**TASK ITEM**. Copy out the lines beginning with the one that contains "Dungeons and Dragons" and ending with the last line below, exactly as they stand. Pictures are not copied.

**STORED DATA**.
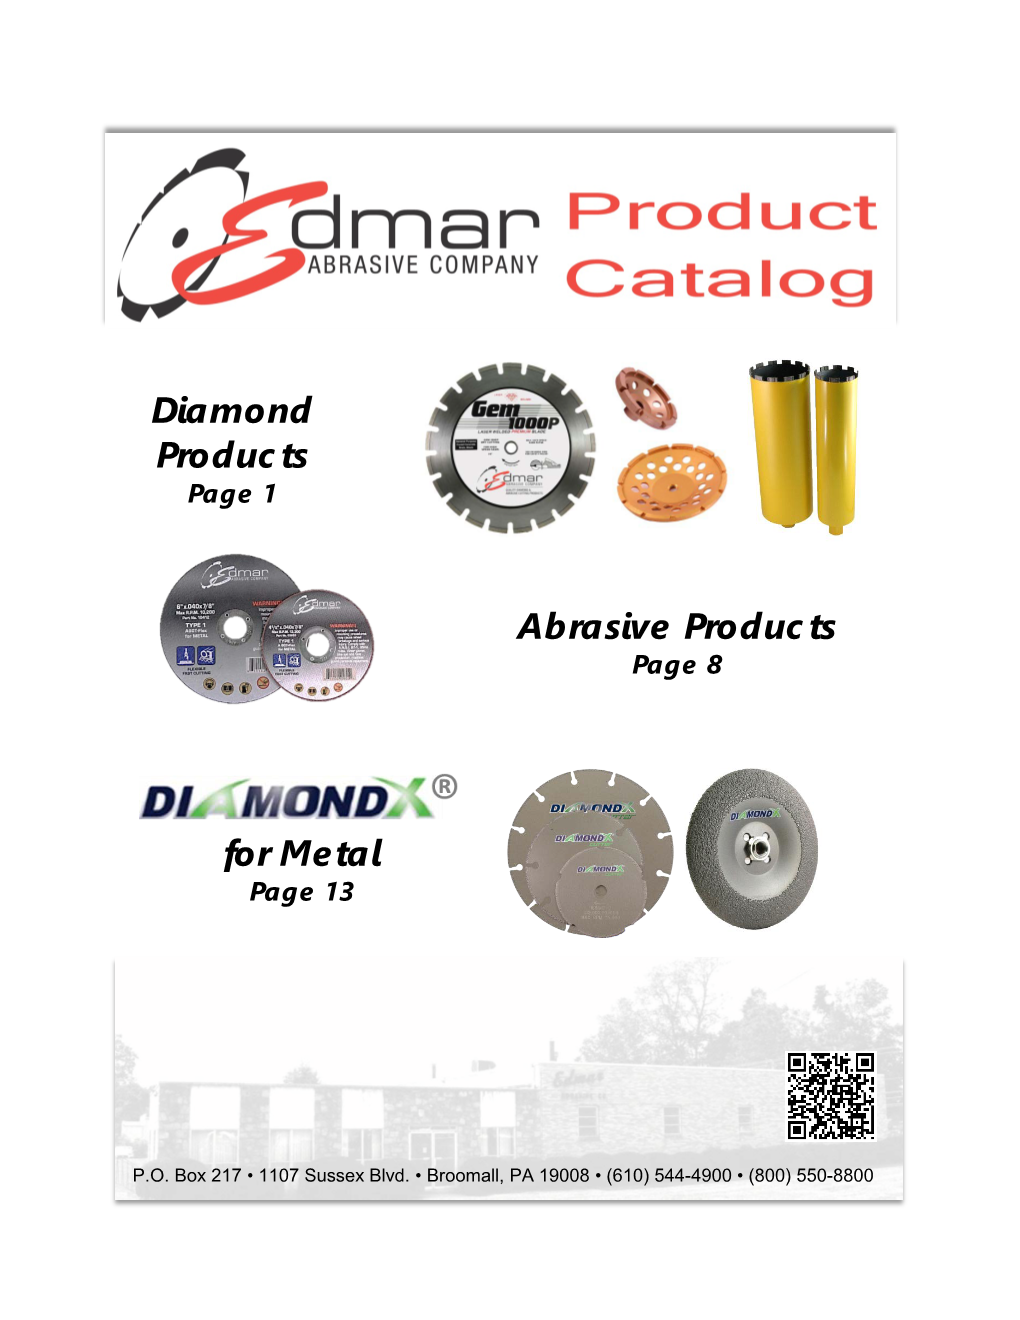 The Edmar Abrasive Company Product Catalog
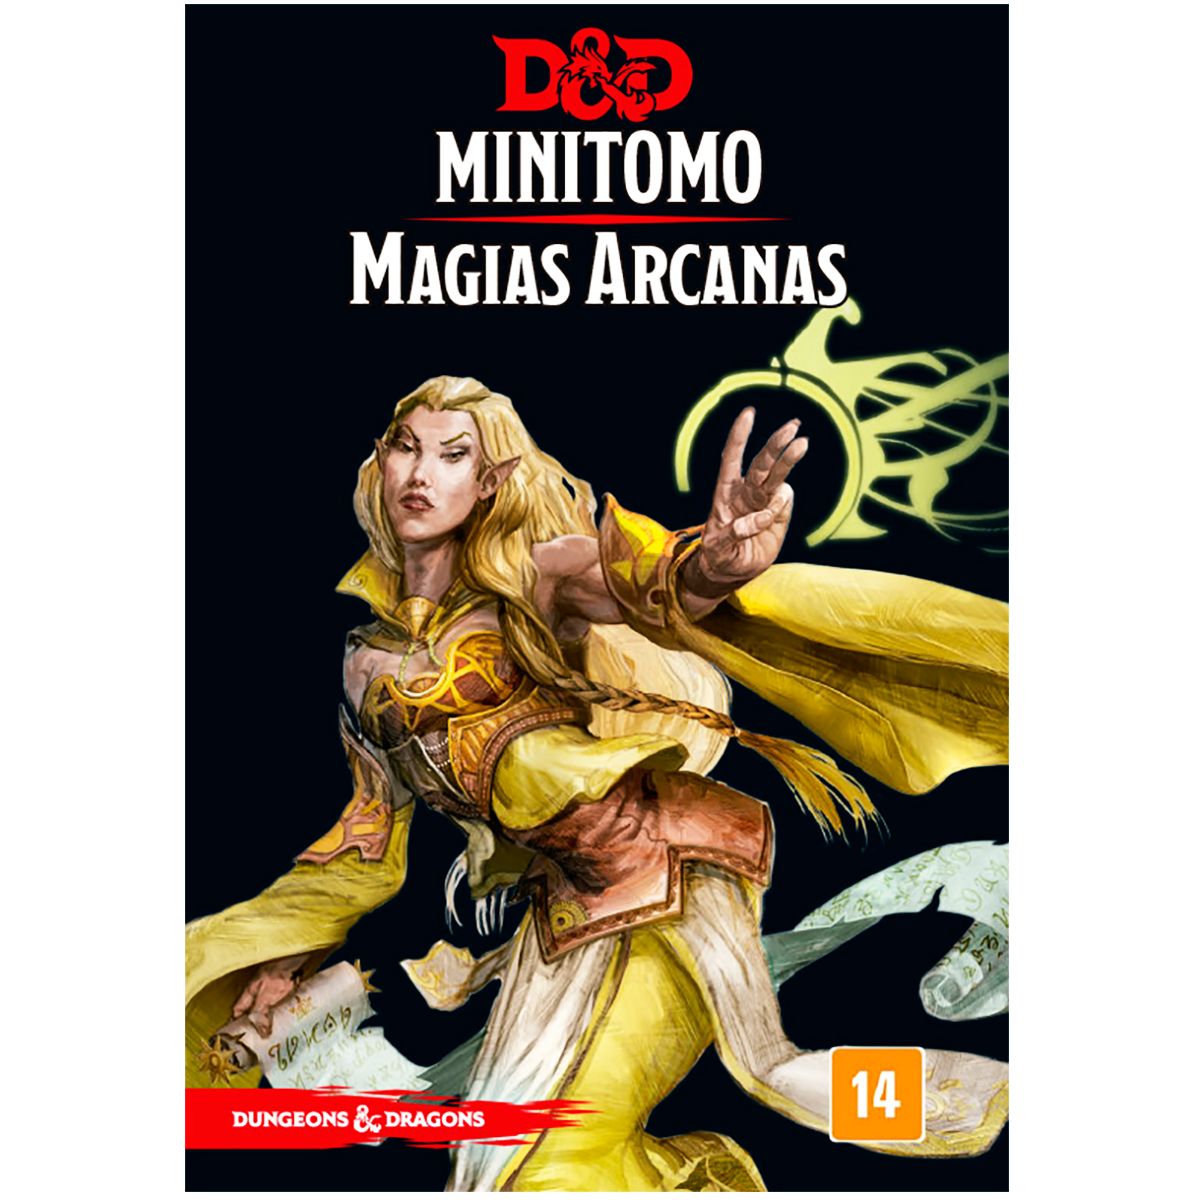 Dungeons and Dragons Minitomo Magias Arcanas Deck RPG
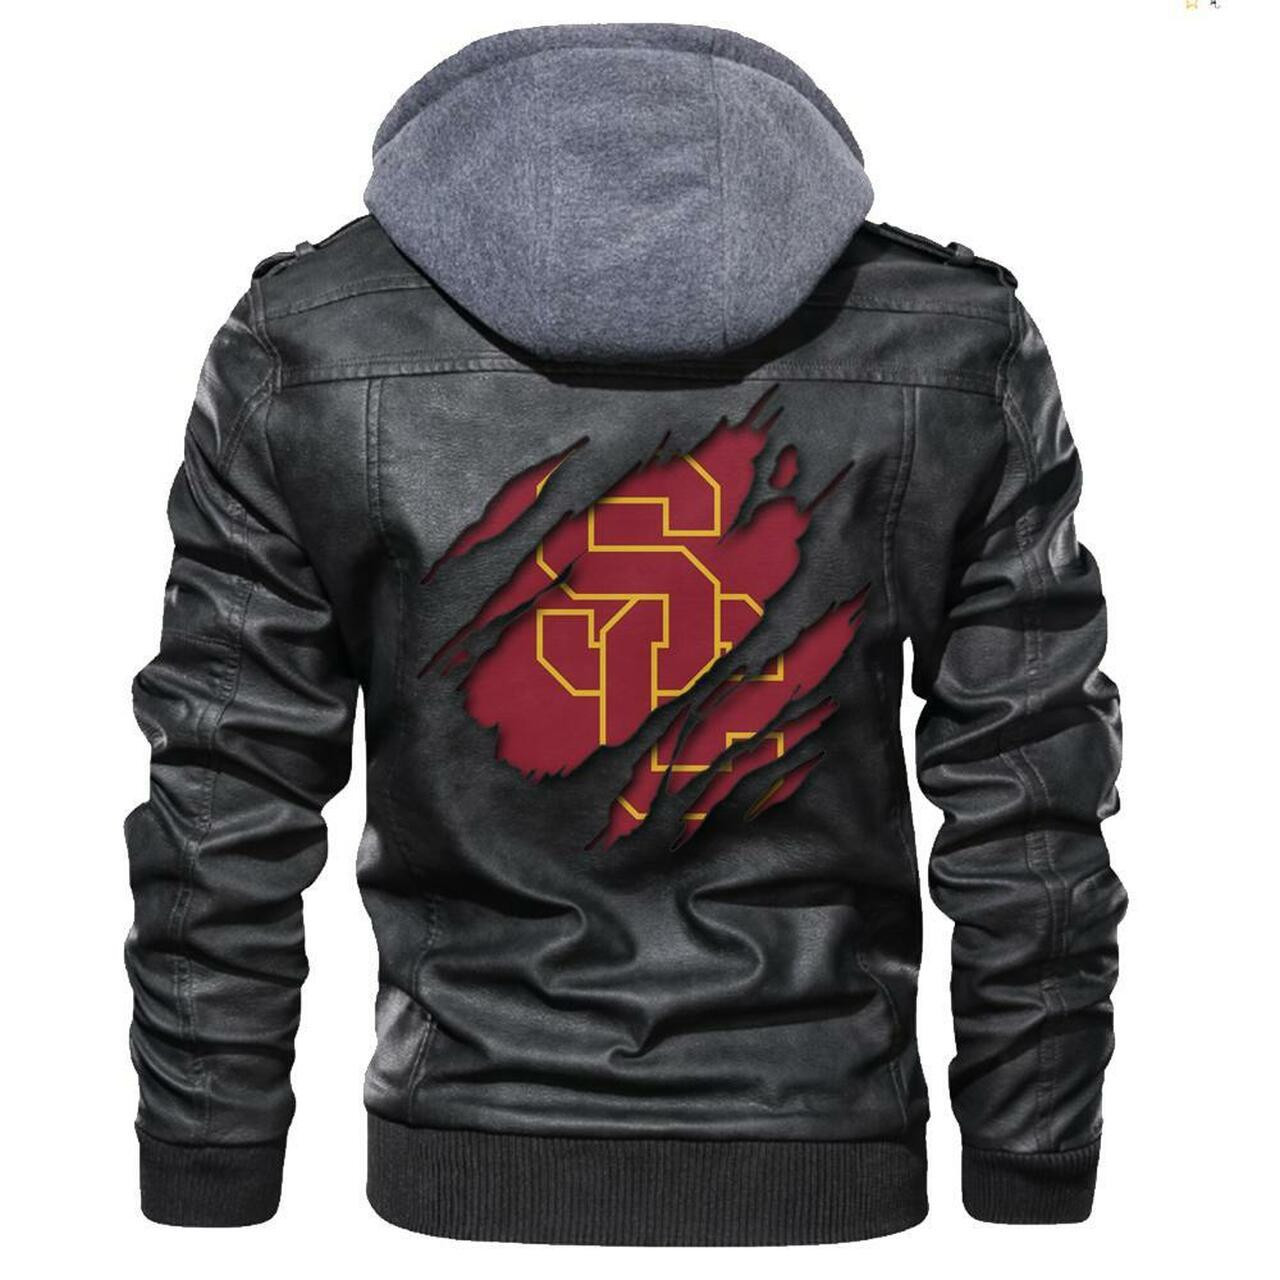 Top leather jacket Sells Best on Techcomshop 6

**RESPONSE BOX**.
 Dungeons and Dragons Minitomo Magias Arcanas Deck RPG
 Top leather jacket Sells Best on Techcomshop 6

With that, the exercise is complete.